Мой мохито в Бодегите, мой дайкири во Флоредите

Степанова А.А. Город-праздник: культурный архетип и его трансформация в романах Э. Хемингуэя «Фиеста» и В. Каверина «Перед зеркалом»

«Закат Европы» Освальда Шпенглера и литературный процесс 1920-1930-х гг.: поэтология фаустовской культуры, Алетейя, 2015.

Идея красоты и гармонии человеческого и природного универсума, изначально утверждавшаяся в образе праздничного города, отражала мечту человека о преображении мира. В этом смысле образ города-праздника заключал в себе черты модели идеального миропорядка. Единение людей в пространстве праздничного города рождало особое праздничное мироощущение как ощущение смысла своего бытия, свободы, радости и счастья. И. Гужова отмечает, что праздничное мироощущение выступает критерием оценки культурной жизнедеятельности в целом, поскольку рождается только в момент осознания человеком своей способности строить мир культуры по законам гармонии. В этой связи праздничное мироощущение есть индивидуальное переживание смыслосообразности сотворенного бытия [32, с. 17]. В этом смысле праздничное мироощущение обнаруживает тесную связь с преобразовательными устремлениями фаустовского духа, прасимволом которого, по мысли О. Шпенглера, выступает чистое безграничное пространство, способное развить из себя совершенную форму мира [33, с. 345], по отношению к которой город-праздник предстает как ее инвариантная модель.

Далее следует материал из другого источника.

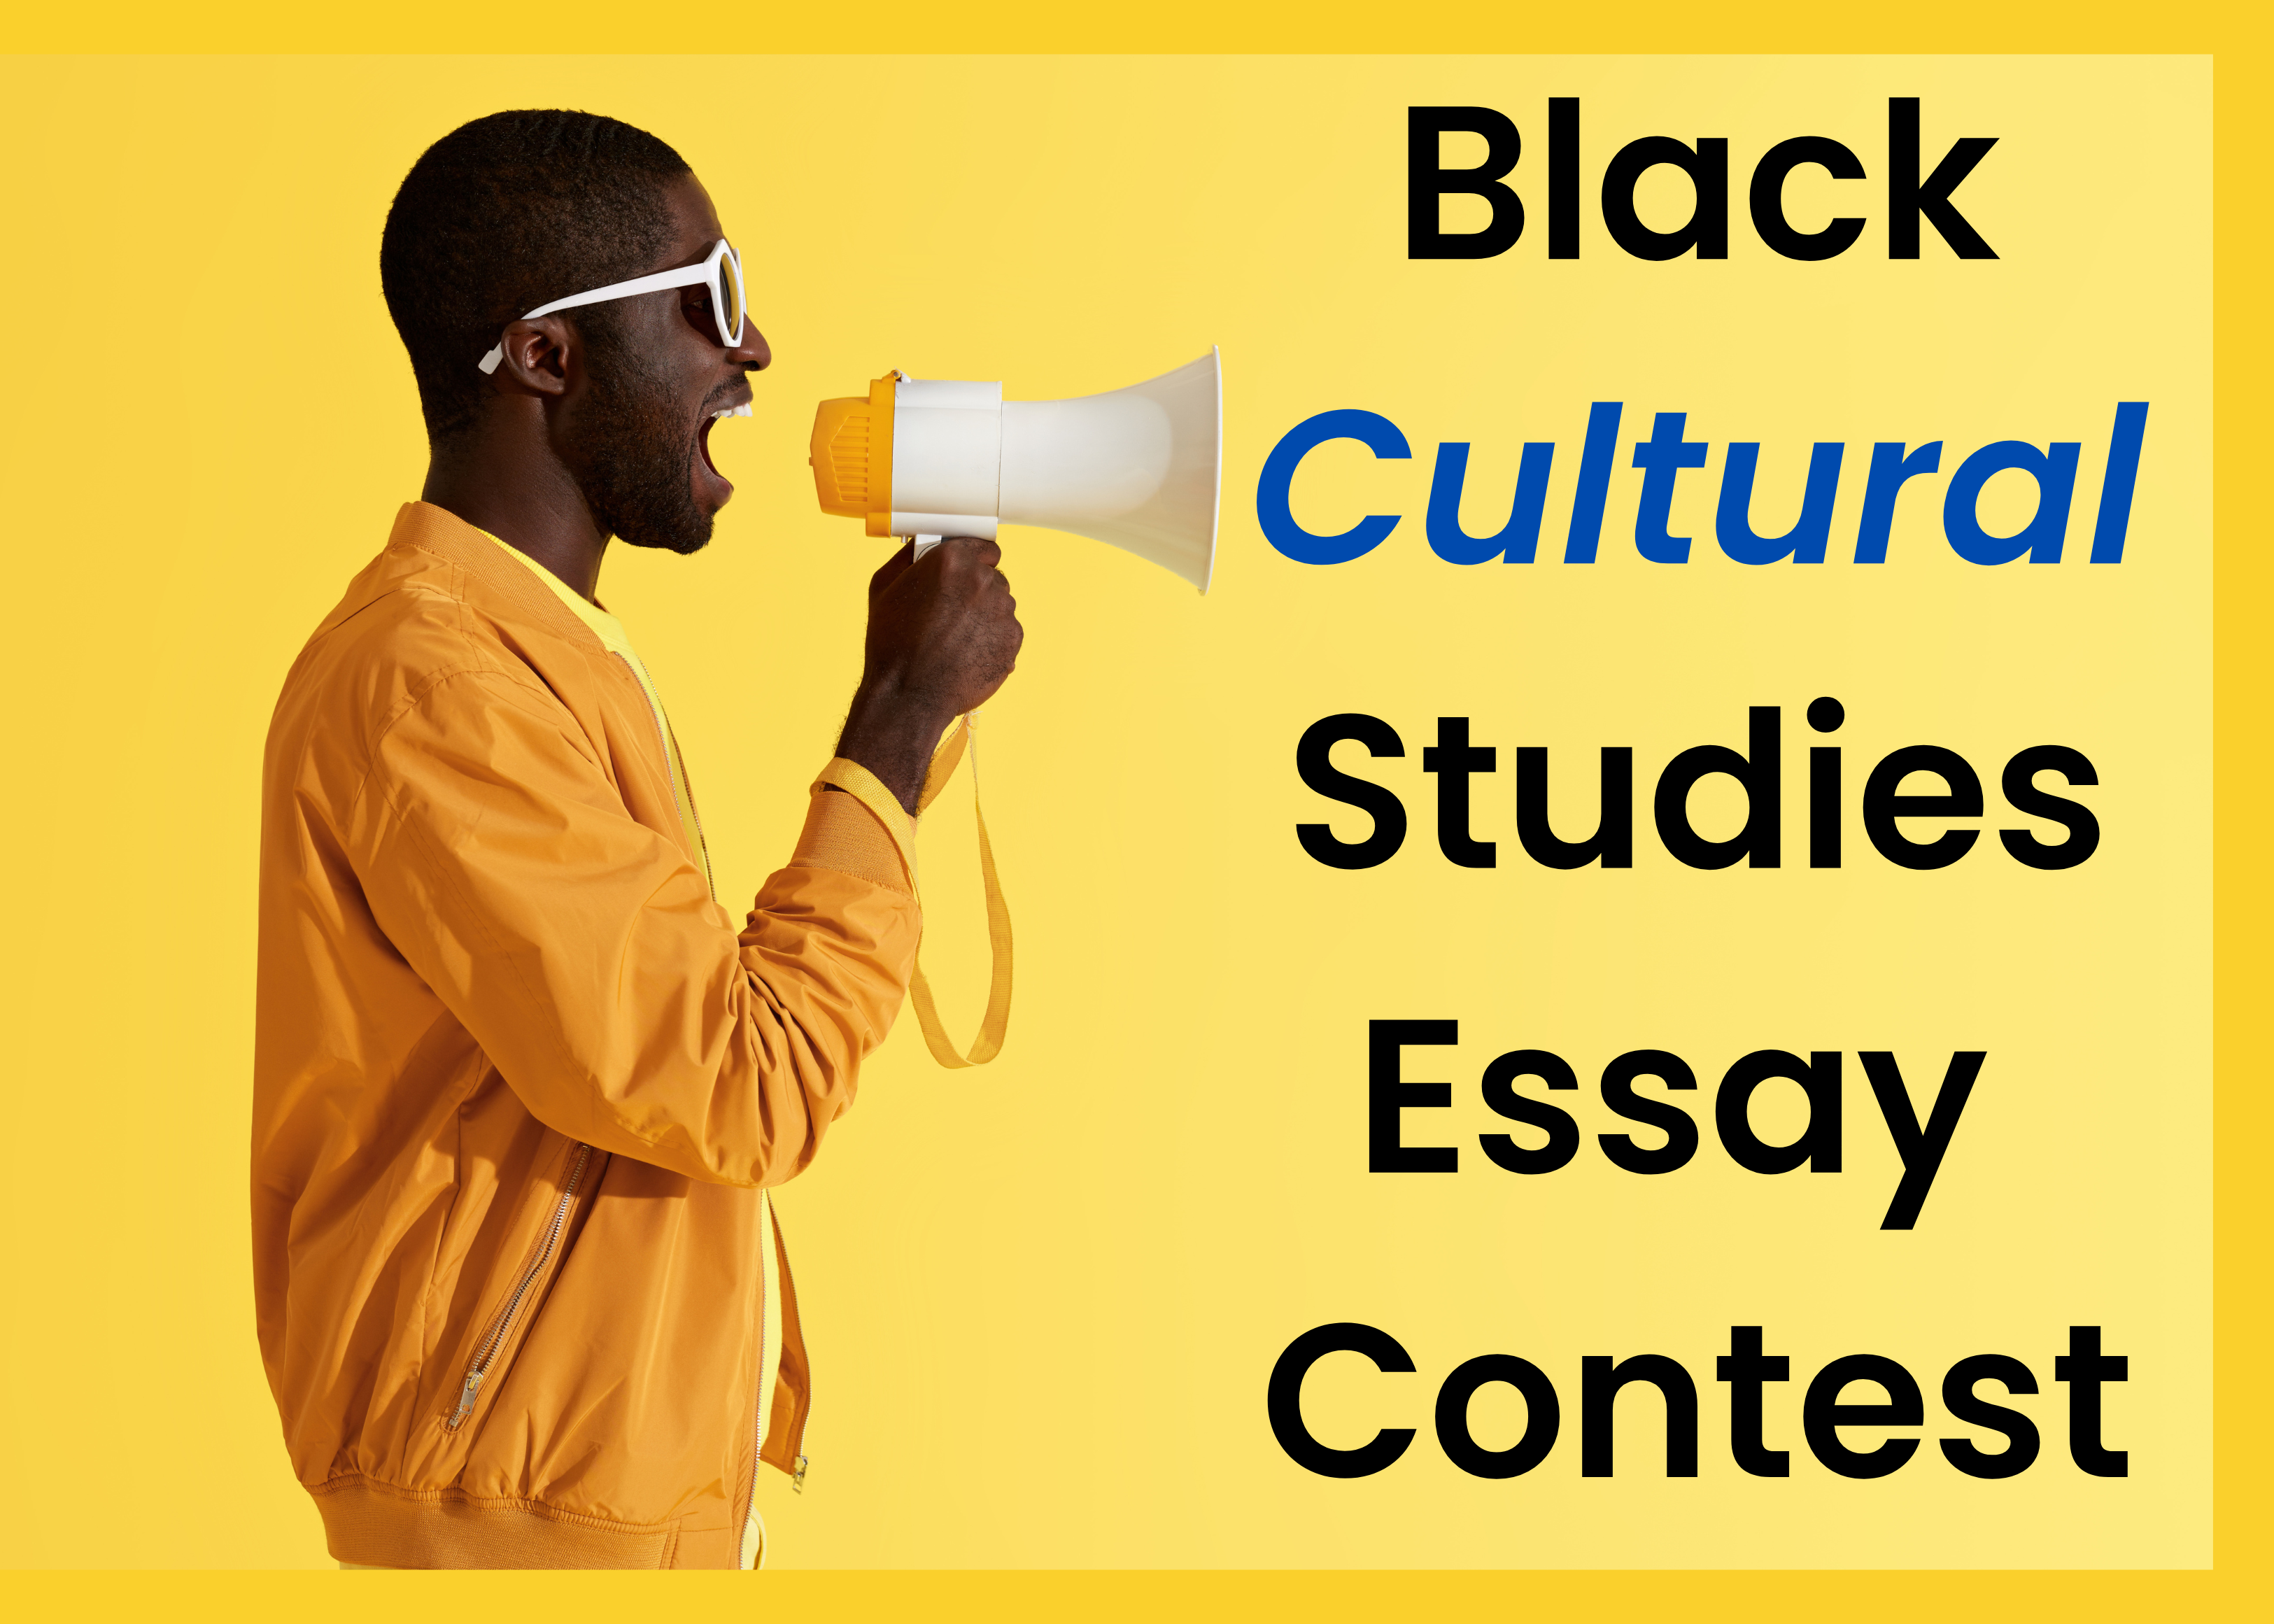 Black Cultural Studies Essay Contest

Отметим, что 1920-1930-е гг. были тем периодом в истории, когда некоторые преобразовательные проекты были осуществлены, утопии реализованы, и наступило время осмысления, зачастую критического, достигнутых результатов, что вскрыло противоречия фаустовской культуры, ее исчерпанность, и подвергло трансформации ее идейно-эстетические императивы и культурные архетипы. В этой связи представляется актуальным обратить внимание на трансформацию образа Парижа как феномена города-праздника в романах Э. Хемингуэя «И восходит солнце» («Фиеста») («The Sun Also Rises», 1926) и В. Каверина «Перед зеркалом» (1970) [Здесь необходимо пояснить, почему, говоря о периоде 1920-1930-х гг., мы включили в анализ роман В. Каверина «Перед зеркалом», написанный в 1970 г., и что побудило искать точки соприкосновения в творческих поисках Э. Хемингуэя и В. Каверина. На наш взгляд, роман «Перед зеркалом» имеет прямое отношение к указанному периоду, поскольку представляет собой очень точное и очень бережное воспроизведение (а не художественную интерпретацию) писем русской художницы-эмигрантки, жившей в Париже в 1920-е гг. (см. об этом: Каверин В. Старые письма // Литературная Россия. - № 11 (531) от 16 марта 1973 г. - С. 20-21). Романы Э. Хемингуэя и В. Каверина являют американский и русский взгляд на Париж и его восприятие творческой личностью, что и послужило поводом к поиску и анализу дальнейших параллелей в художественном осмыслении образа Парижа в творчестве американского и русского писателей.].

В романе Э. Хемингуэя «Фиеста» с образом Парижа связана проблема онтологической адаптации личности в окружающем мире. Взгляд на город дается в повествовании от первого лица - американского журналиста Джейка Барнса. Структура образа Парижа имеет двуплановую организацию, которая соответствует двухуровневой нарративной структуре произведения в целом, включающей непосредственно текст и подтекст.

На наружном, видимом уровне повествования образ Парижа соответствует мифу о праздничном городе и представляет собой круговорот развлечений, свободного времяпрепровождения, калейдоскоп баров, дансингов, вечерних гуляний, который, казалось бы, захватывает героев романа. В этом смысле «Фиеста», как и отметили первые американские критики, представляет собой роман об американской писательской богеме, прожигающей жизнь в Париже, на что, как известно, обиделся Э. Хемингуэй, сразу указав на иной, глубинный уровень произведения: «Написать такую трагическую книгу, как эта, и чтобы они восприняли ее как поверхностную джазовую историю» [Цит. по: 34, с. 16].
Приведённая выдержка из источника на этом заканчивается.